Zane caught her wrist, not painfully, but firmly, and pulled her closer.
The blanket slipped again, her breath catching as he dipped his head, close enough that she could feel the warmth of him, his mouth hovering near her collarbone without quite making contact.
His breath traced along her skin, dragging a slow, electric burn in its wake.
Every nerve in her body tightened like wire pulled too taut, awareness spiking so sharply it made her dizzy.
“Still not the worst way I’ve been treated during a patch job,” he murmured.
Lily’s stomach twisted, equal parts disbelief and something else she didn’t want to name. She should hate him for this. Maybe she did. But her body hadn’t gotten the message yet, and that only made it worse.
Her pulse thundered. “You’re enjoying this.”
“Not the pain,” he said, voice low. “The proximity.”
She wanted to shove him away.
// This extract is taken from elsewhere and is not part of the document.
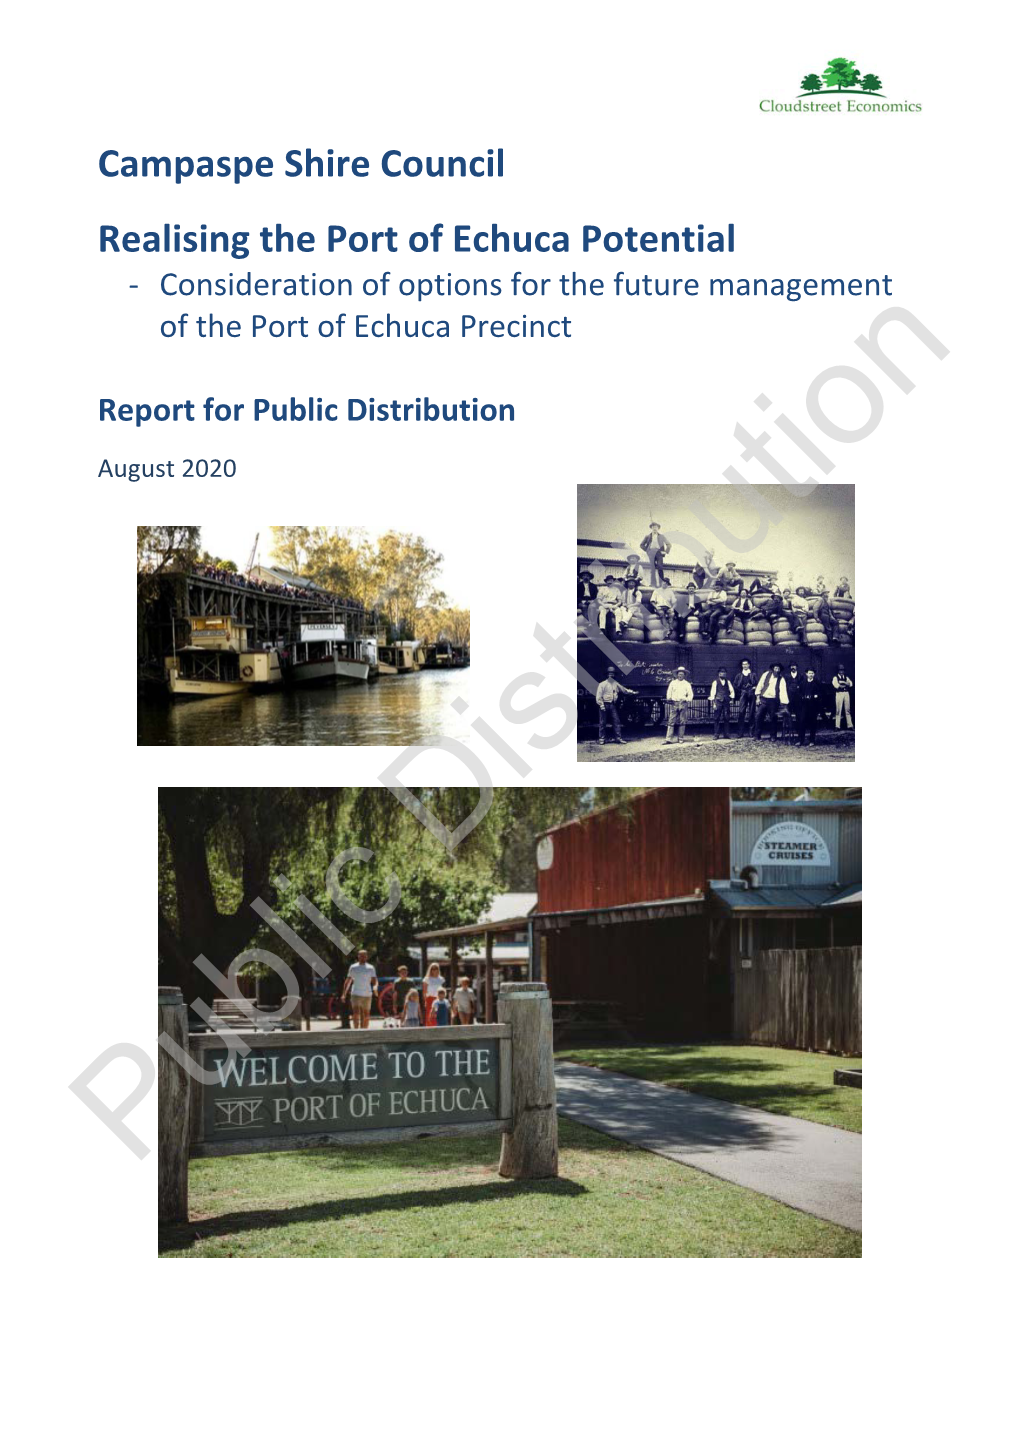 Realising the Port of Echuca Precinct Potential - Consideration of Options for the Future Management of the Port of Echuca Precinct

Wanted to walk out and slam every door behind her. But her hands stayed where they were, pressed to his skin, trembling now for a very different reason.
She drew in a shaky breath, then pushed against his chest, not hard, not enough to make him move, but enough to try and put space between them. “You’re bleeding,” she said, voice low, uneven.
“Then fix it,” he replied.
So she did.
With trembling fingers, she reached for the butterfly tape instead of the needle and began sealing the wound.
Zane let her work, but his hands didn’t stay idle.
One slid down to her waist, anchoring her, the other brushing the edge of the blanket where it slipped along her back.
She froze when his thumb traced bare skin.
“You’re not making this easier,” she said tightly.
“Wasn’t trying to,” he murmured.
She looked up, caught the heat simmering behind his cool exterior, and something else. A flicker of curiosity. Of restraint. Of a man holding a line he wasn’t used to drawing.
The wound was mostly closed now. Her work wasn’t perfect, but it would hold.